◆ **Required action**
In the records below, find the line with "Hayundi Gasoline Generator" and the line with "Emma+oliver Modern 3-drawer"; return exactly those lines and every line between them.

◆ **Supplied data**
-- Opening Marker --

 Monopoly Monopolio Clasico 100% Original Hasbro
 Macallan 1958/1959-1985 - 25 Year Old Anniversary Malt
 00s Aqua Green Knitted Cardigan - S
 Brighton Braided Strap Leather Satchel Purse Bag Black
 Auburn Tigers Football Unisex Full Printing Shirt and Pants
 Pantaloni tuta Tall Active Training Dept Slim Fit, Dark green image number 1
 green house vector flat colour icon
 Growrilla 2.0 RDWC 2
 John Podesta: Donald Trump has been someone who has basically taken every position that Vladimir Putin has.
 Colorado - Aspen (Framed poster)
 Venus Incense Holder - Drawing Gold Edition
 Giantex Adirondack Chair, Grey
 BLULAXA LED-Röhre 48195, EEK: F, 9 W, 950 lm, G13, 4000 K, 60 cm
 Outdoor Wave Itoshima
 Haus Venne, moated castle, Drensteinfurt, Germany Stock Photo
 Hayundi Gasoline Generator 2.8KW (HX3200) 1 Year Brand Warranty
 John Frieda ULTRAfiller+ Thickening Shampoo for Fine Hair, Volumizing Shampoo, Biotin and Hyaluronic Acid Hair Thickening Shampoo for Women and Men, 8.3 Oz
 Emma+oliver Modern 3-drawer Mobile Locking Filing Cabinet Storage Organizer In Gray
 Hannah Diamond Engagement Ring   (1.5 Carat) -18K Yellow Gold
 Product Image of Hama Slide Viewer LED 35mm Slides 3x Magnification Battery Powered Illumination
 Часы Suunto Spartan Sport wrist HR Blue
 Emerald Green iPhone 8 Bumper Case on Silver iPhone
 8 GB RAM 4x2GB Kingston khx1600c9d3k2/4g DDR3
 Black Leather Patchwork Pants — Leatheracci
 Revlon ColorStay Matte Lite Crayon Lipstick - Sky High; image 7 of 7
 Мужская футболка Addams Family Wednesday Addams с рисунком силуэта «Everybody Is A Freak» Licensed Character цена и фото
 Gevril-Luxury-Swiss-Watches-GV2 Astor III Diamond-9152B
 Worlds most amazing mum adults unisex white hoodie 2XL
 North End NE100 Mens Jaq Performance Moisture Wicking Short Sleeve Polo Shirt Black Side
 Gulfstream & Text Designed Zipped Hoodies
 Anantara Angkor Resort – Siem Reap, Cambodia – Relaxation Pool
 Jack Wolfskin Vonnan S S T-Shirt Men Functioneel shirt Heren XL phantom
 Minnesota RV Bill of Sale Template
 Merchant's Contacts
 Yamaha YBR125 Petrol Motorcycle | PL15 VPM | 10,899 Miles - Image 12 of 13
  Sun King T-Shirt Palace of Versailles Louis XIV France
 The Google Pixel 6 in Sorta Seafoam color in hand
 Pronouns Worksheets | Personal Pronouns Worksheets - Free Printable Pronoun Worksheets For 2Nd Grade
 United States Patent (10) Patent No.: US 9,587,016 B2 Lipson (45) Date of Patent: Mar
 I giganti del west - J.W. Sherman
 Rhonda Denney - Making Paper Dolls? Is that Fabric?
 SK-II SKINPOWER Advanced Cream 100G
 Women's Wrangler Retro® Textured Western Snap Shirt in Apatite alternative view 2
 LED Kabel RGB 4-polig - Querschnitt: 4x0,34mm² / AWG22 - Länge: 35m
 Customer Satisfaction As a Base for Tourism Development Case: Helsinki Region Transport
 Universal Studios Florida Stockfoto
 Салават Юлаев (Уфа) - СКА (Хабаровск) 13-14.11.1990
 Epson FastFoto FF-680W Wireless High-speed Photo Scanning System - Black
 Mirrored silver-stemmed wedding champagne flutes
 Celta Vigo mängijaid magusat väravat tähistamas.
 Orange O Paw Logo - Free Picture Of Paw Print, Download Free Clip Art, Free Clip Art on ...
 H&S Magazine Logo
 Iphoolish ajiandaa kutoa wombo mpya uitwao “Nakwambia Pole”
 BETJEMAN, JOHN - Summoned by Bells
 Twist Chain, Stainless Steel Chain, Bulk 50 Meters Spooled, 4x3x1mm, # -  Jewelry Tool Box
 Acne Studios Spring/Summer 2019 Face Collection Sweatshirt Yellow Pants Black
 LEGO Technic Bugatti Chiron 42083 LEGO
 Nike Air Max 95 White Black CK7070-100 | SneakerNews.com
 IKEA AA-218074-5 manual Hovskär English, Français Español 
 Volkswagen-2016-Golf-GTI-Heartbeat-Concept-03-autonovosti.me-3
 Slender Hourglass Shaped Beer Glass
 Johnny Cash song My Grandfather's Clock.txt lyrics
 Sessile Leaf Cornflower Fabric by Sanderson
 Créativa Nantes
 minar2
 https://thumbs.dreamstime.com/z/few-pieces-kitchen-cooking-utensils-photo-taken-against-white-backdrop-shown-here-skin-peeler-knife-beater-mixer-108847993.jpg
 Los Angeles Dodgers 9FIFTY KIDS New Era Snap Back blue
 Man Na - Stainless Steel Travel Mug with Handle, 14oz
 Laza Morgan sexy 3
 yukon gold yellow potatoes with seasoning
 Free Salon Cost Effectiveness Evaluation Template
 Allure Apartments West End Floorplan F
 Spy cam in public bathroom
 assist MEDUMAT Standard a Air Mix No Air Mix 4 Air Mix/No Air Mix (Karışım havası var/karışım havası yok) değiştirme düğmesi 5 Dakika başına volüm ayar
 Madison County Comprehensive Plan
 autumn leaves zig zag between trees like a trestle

-- Closing Marker --

◆ **Task solution**
 Hayundi Gasoline Generator 2.8KW (HX3200) 1 Year Brand Warranty
 John Frieda ULTRAfiller+ Thickening Shampoo for Fine Hair, Volumizing Shampoo, Biotin and Hyaluronic Acid Hair Thickening Shampoo for Women and Men, 8.3 Oz
 Emma+oliver Modern 3-drawer Mobile Locking Filing Cabinet Storage Organizer In Gray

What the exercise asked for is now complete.